Review - UP (in 3D)
Despite one or two comments from people who saw it at the weekend suggesting that I take tissues, I was in no way expecting UP to be one of the saddest films I’ve ever seen.
The story, while fantastic, is pretty straightforward. Old man (former balloon seller at the zoo) faced with being consigned to a retirement home, decides to escape by attaching thousands of helium balloons to his house and flying to to South America. His objective is to follow in the steps of a great explorer he and his now-dead wife had both idolised since childhood and go where they never mangaged to go while she was alive. Along the way he picks up an over-eager boy scout, a talking dog and a strange bird, and perhaps inevitably discovers something about the nature of dreams and making the most of the lives we have.

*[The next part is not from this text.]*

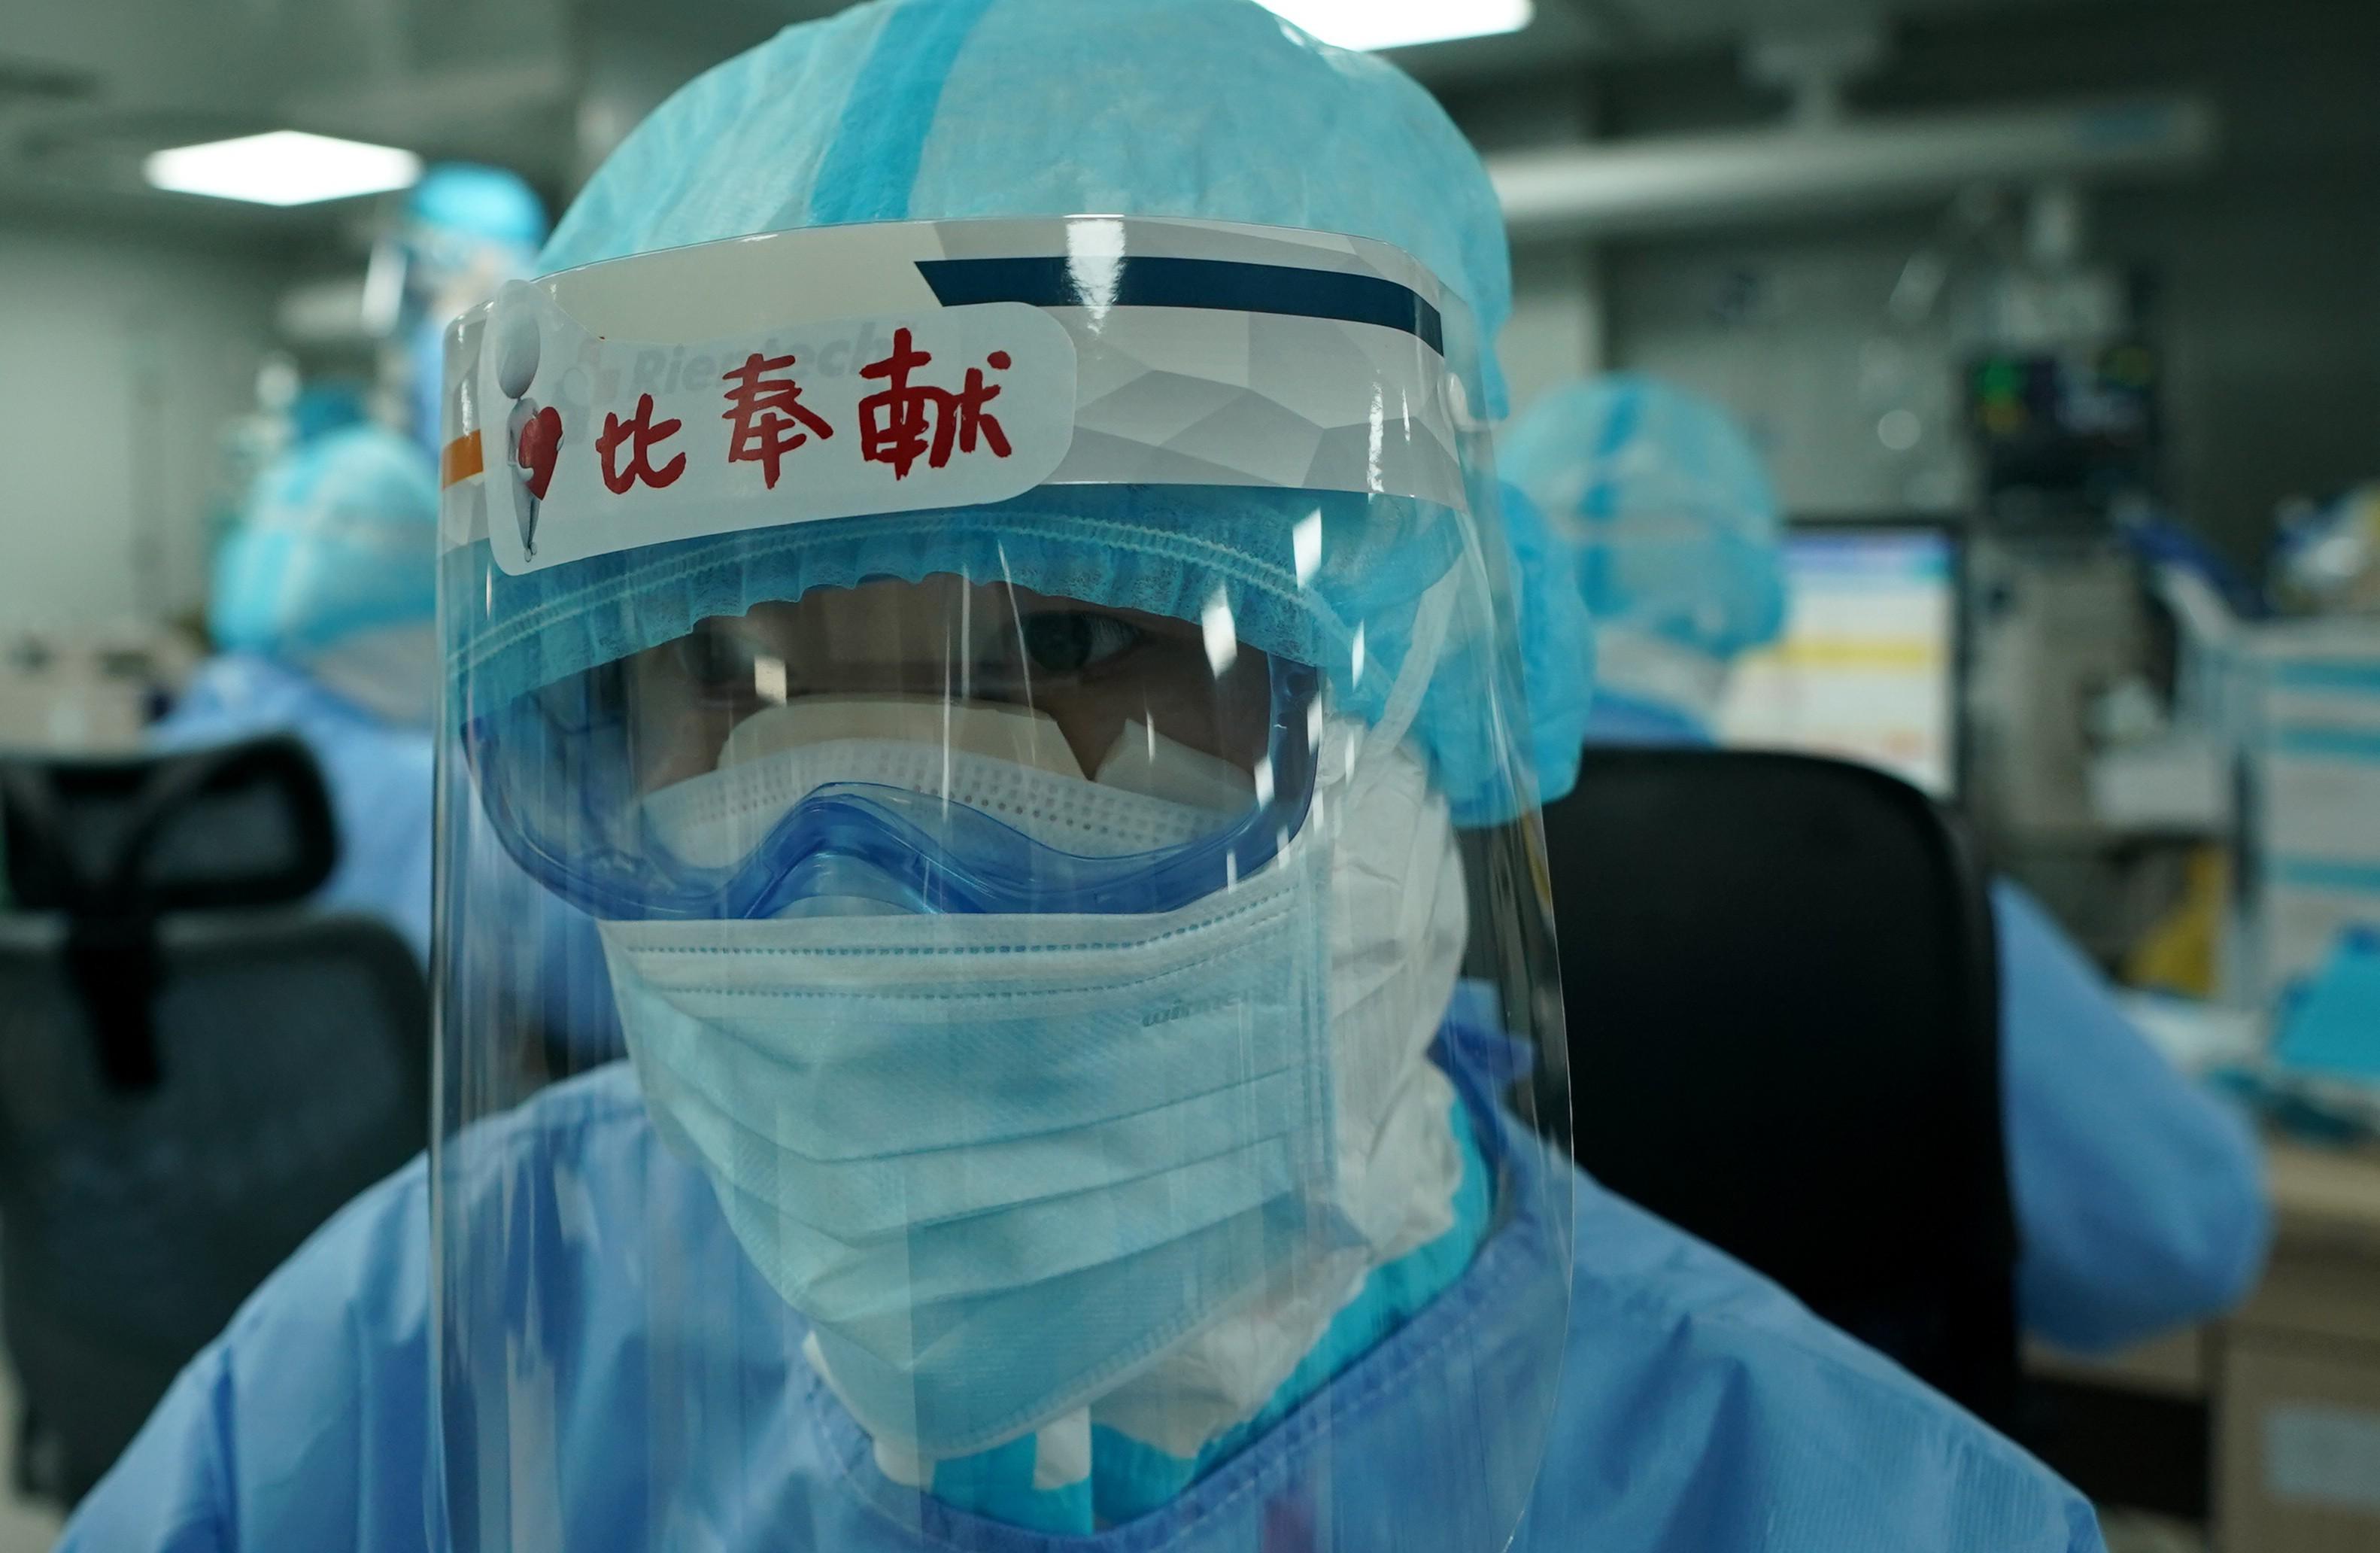 Coronavirus outbreak | South China Morning Post

As an animated movie, it’s right up there with Pixar greats like last year’s Wall-E. As a 3D experience it’s an interesting move - the effects are clever and the 3D is mostly effective, though during some of the more frenetic action sequences it can be hard to keep focus. The characters are generally well drawn (no pun intended), with fun quirks and the story doesn’t always take the easy way - there’s a theme about Russell the scout’s mostly-absent father which could easily have ended on a cop-out and doesn’t, for instance.
It’s been remarked on in many other places, but Doug the talking dog is, frankly, a work of genius. Exactly the opposite of what you’ll expect from a talking dog in a cartoon. And the use of his packmates is brilliantly funny. I couldn’t tell you most of the dialogue in the first scene featuring Alpha, the leader of the pack, because I was laughing too much, and so was the rest of the audience.
But oh dear lord it’s sad. The early sequence showing an entire relationship from childhood to old age and death is better done in animation than I think any number of live action films with actual actors emoting away could have achieved, and at the end of it when a cartoon character is dead you’ll feel the loss. Particularly as it’s a character launched into the film with such incredible energy. The whole film is marbled with a sense of loss and regret, somewhat alleviated towards the end, but still lurking in the back of the audience’s mind. As I left I heard one woman commenting that she’d been “crying her eyes out”.
UP is, in many ways, a small film. It’s about relationships, dreams, loss, and getting by. It’s not one of those animated films, like Wall-E, to take advantage of the medium to go all out for scope, spectacle and big ideas. But even though it’s small, it’s very nearly perfectly formed.